*What is needed*:
Only the lines containing "Leather" should appear in the answer, copied from the listing below.

*The data*:
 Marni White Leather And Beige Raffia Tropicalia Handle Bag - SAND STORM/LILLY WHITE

* * *

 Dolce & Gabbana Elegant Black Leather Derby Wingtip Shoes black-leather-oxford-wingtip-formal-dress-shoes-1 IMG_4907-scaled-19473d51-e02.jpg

---

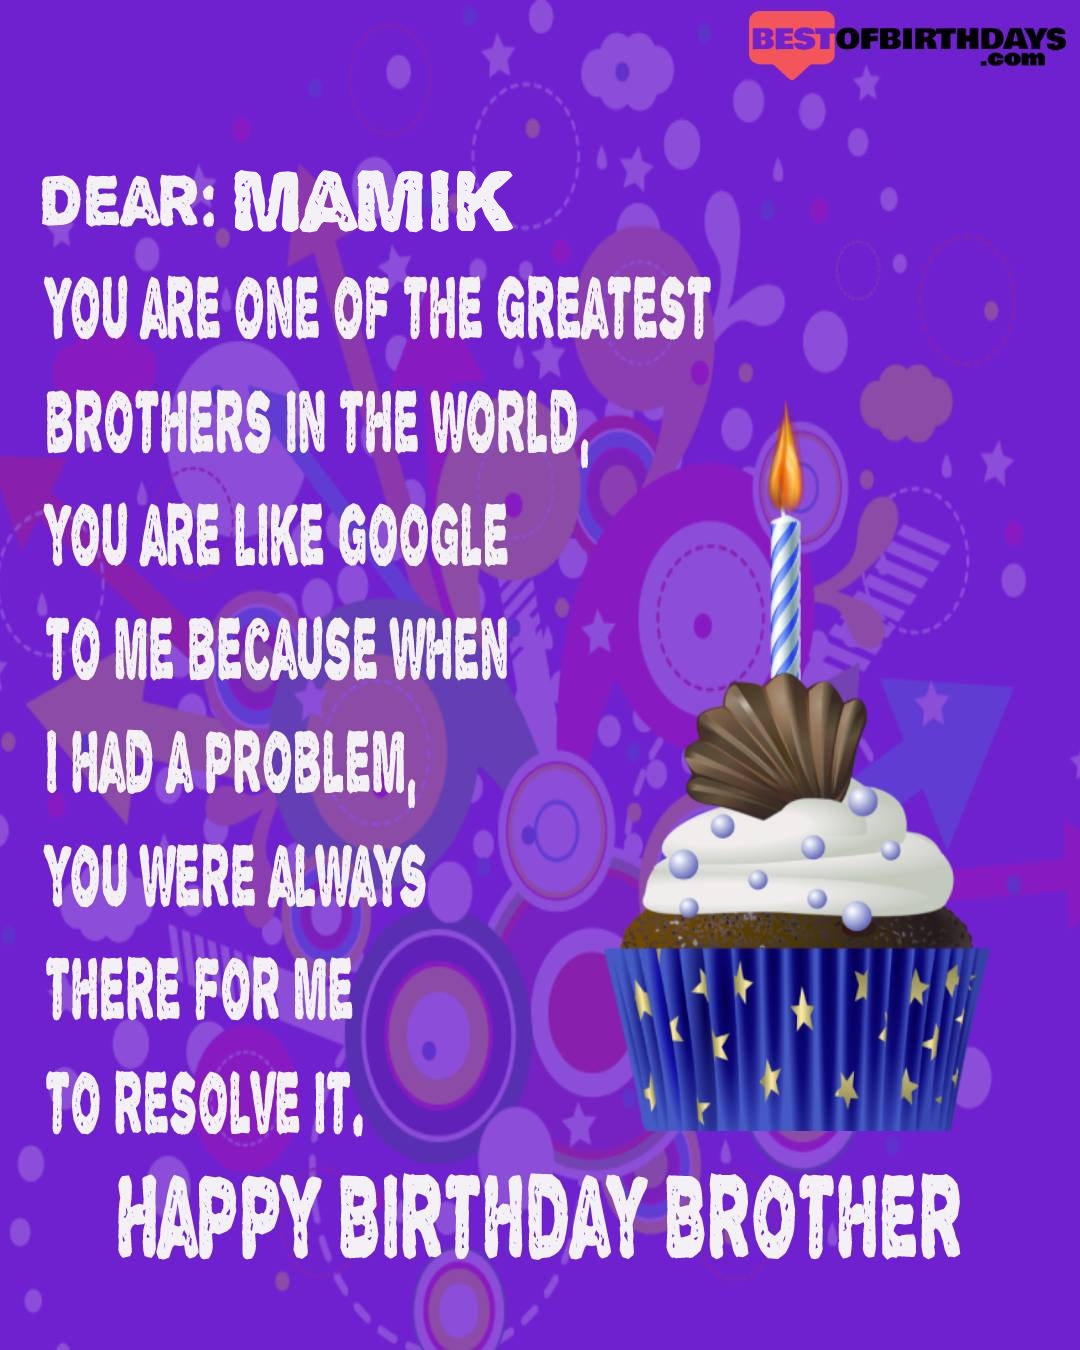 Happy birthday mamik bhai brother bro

*Solution for this task*:
 Marni White Leather And Beige Raffia Tropicalia Handle Bag - SAND STORM/LILLY WHITE
 Dolce & Gabbana Elegant Black Leather Derby Wingtip Shoes black-leather-oxford-wingtip-formal-dress-shoes-1 IMG_4907-scaled-19473d51-e02.jpg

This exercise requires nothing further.